Working with government 

The strategy also notes that by coming together, the multi-sport partnership can contribute to local government, central government and European policy controls. The policy priorities of education, health and social policies are often connected but it can be difficult for central government to intervene in these areas. However, in contrast, the framework claims, sporting governing bodies and their clubs can work with people in a much more natural way. The framework states a collaborative effort between the three sporting bodies will delivery key policy priorities. These are:

•   creating opportunities, tackling disadvantage and improving health and well-being;

•   growing a sustainable economy and investing in the future;

•   building a strong and shared community.

The framework also notes that the sporting bodies already have a successful track record of working with local government and following the recent local government reform there are enhanced opportunities to deliver against local government priorities. These include:

•   community planning;

•   urban regeneration and community development;

•   leisure and health;

•   local cultural development;

•   local economic development;

•   local tourism.

The collaboration also aligns with the following EU objectives for sport:

•   encouraging physical and mental fitness;

•   fostering a sense of social inclusion, eliminating racism and gender inequality;

•   promoting greater participation in sport.

Strategic goals 

To achieve these strategic goals the framework clearly outlines how the three governing bodies are taking meaningful steps to work with each other from the top down.
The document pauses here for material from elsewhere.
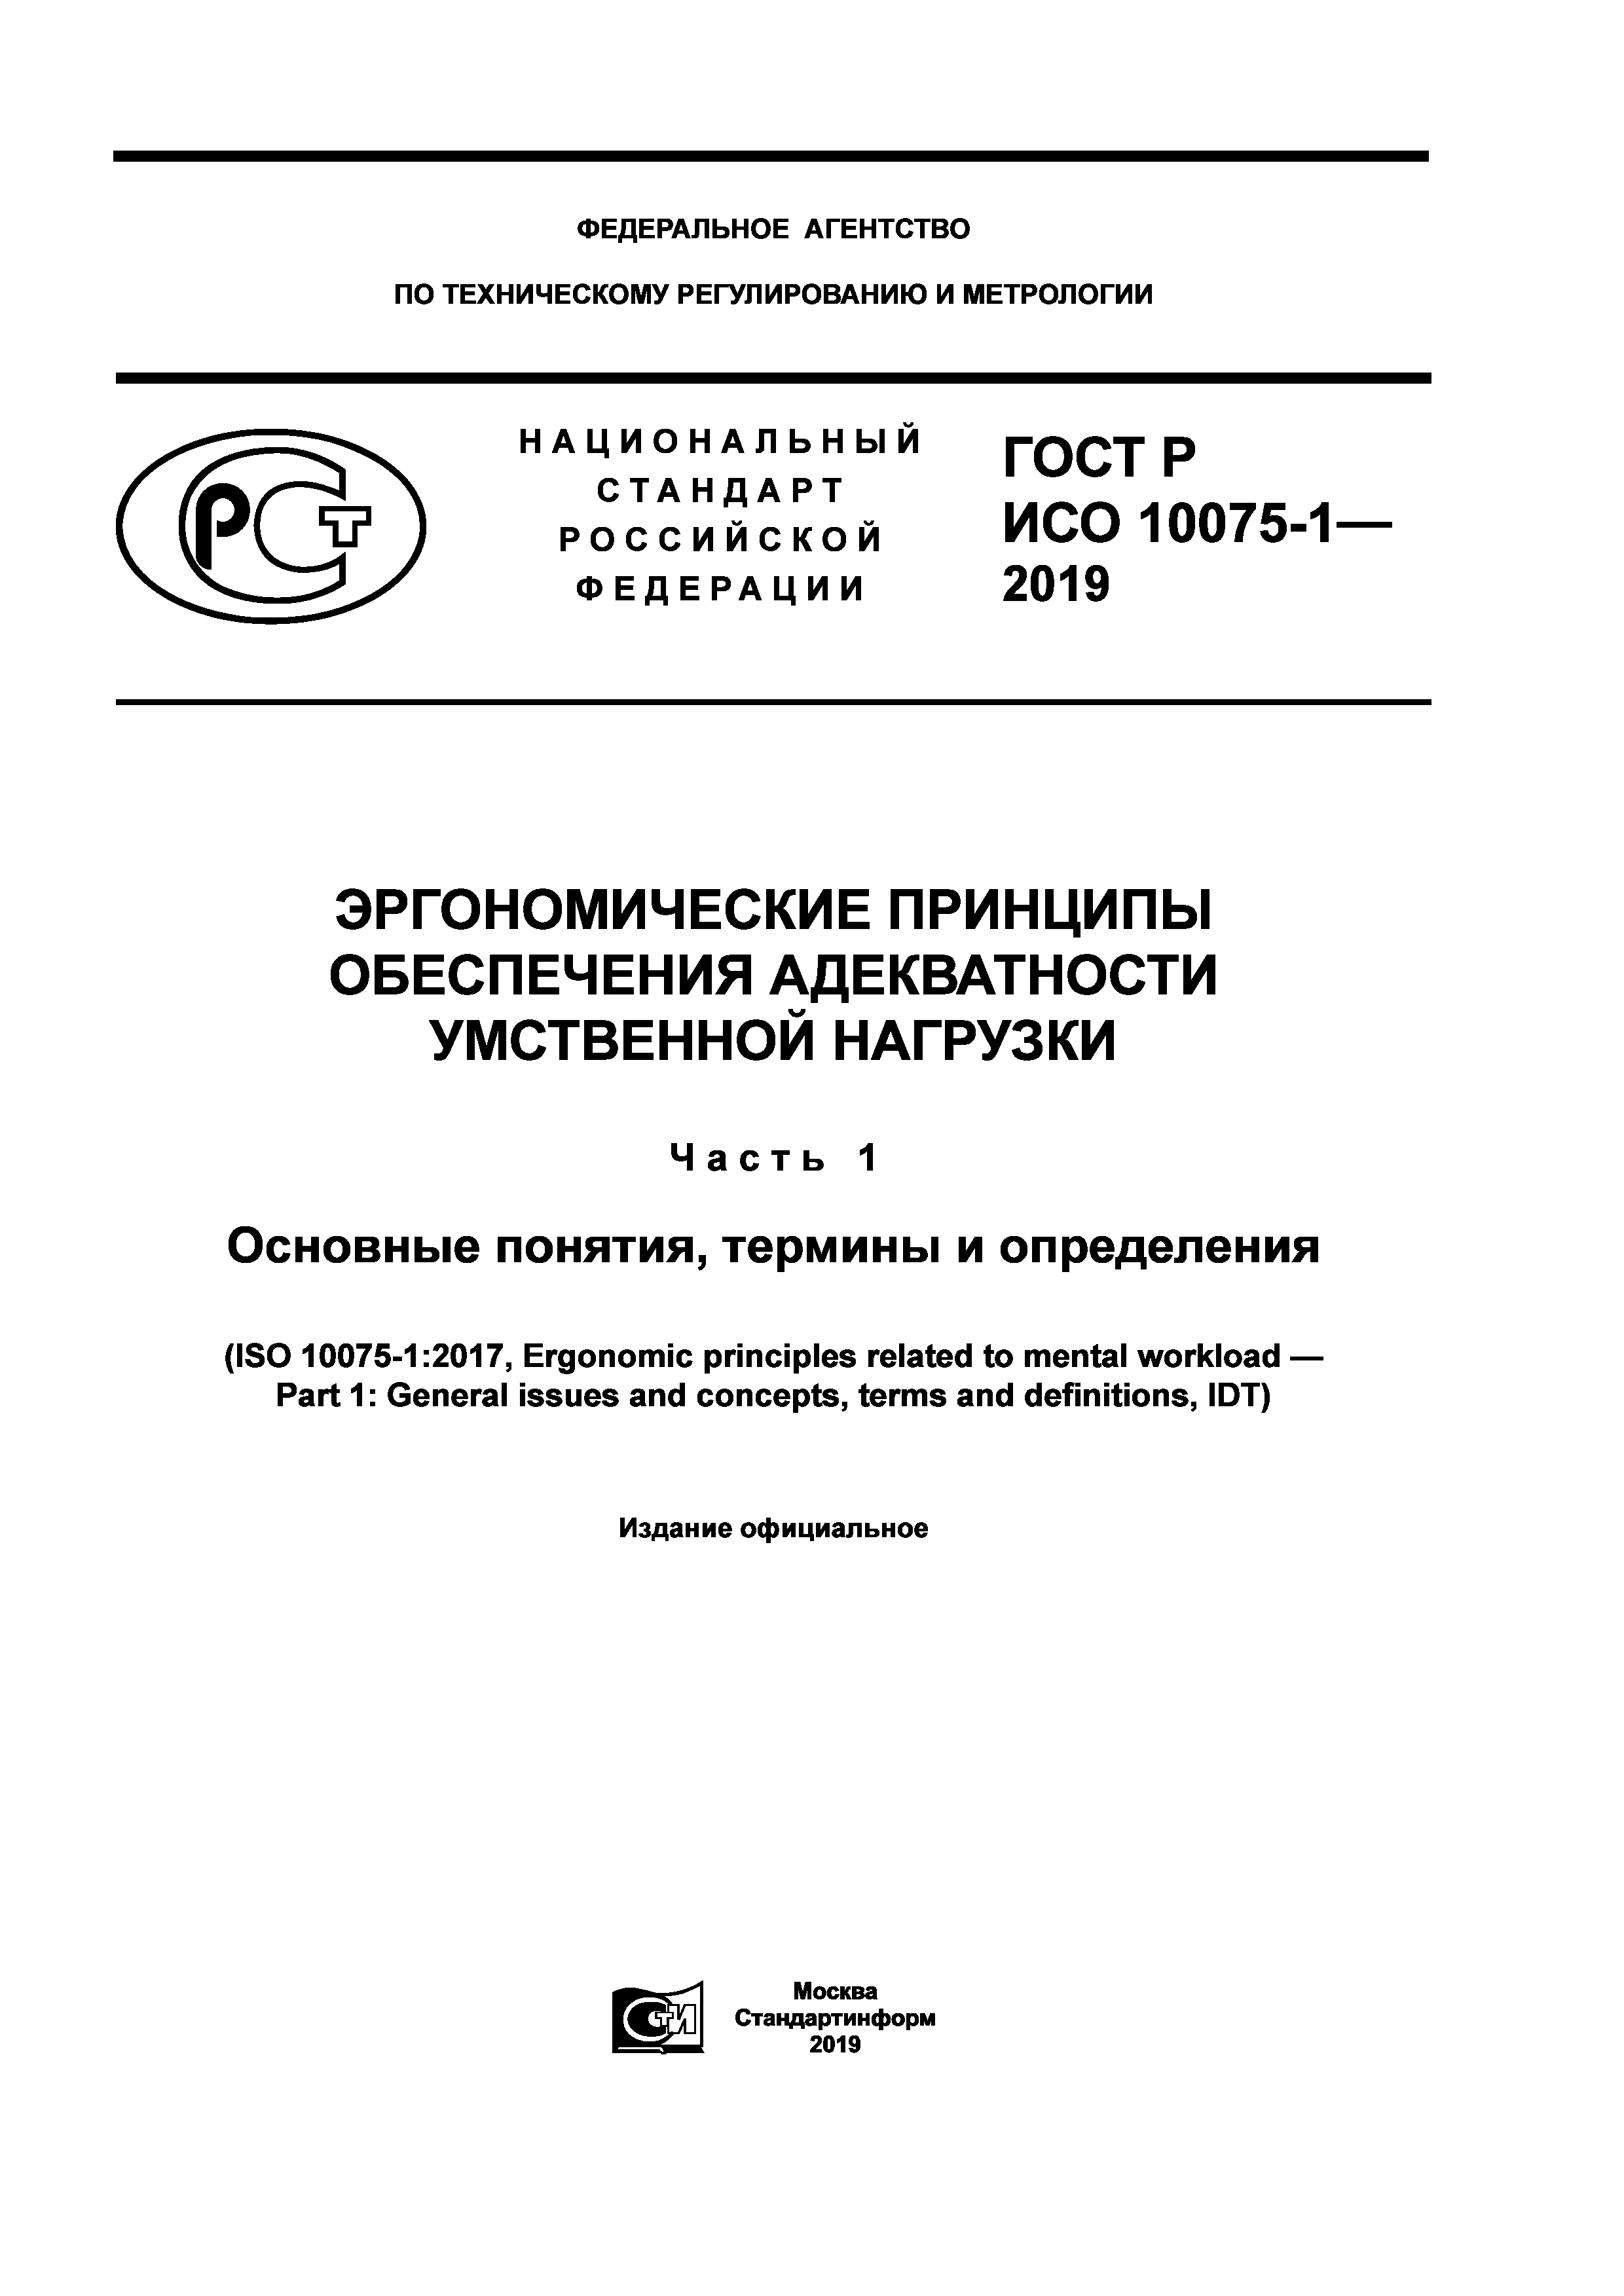 ГОСТ Р ИСО 10075-1-2019

The leadership of the three governing bodies are working collectively to engage with European, central and local government on key issues. All three bodies will also actively work to collectively identify, develop and realise opportunities to deliver more in partnership with European, central and local government and with other stakeholders and support cross-community initiatives designed to develop an appreciation for all three sports. 

Speaking about the partnership between the three sporting bodies, DCAL’s deputy secretary, Cynthia Smith said: “There is growing evidence of the power of sport to bring people together. The latest household survey has revealed that over 91 per cent of the population actively engage in culture, arts or leisure. I doubt if any other part of government has such as direct impact on people’s lives.

“The sports of rugby, soccer and the GAA have used their pivotal role within their communities to increase participation levels and to foster a sense of social inclusion. These three organisations are well placed to the delivery of the key Executive priorities of growing the economy and tackling disadvantage.

“I welcome the commitment and desire of these three sporting organisations to build on the great work they have done to date and use their collective synergies to make a telling impact on the opportunities offered across government and by other stakeholders.” 

The three Chief Executives of the sporting bodies also noted their commitment to strengthening the partnership and developing joint working strategies to further foster social inclusion, education, health and community development. The IFA’s Chief Executive, Patrick Nelson claimed he was looking forward to the strengthening of this partnership in years to come. 

The CEO of Ulster GAA, Dr Danny Murphy said: “The launch of this joint strategic framework represents a significant milestone in the relationship between ourselves, Ulster Rugby and the Irish FA. The process has allowed us to reflect on some excellent work to date and to look forward with enthusiasm at our collective potential to make a major difference in communities across Ulster.”

His words were echoed by Ulster Rugby’s Chief Executive, Shane Logan who said: “The launch of the Sport Uniting Communities Framework demonstrates the commitment of Ulster Rugby, the Irish FA and Ulster GAA towards sustaining and growing this joint work and serving the community through sport.”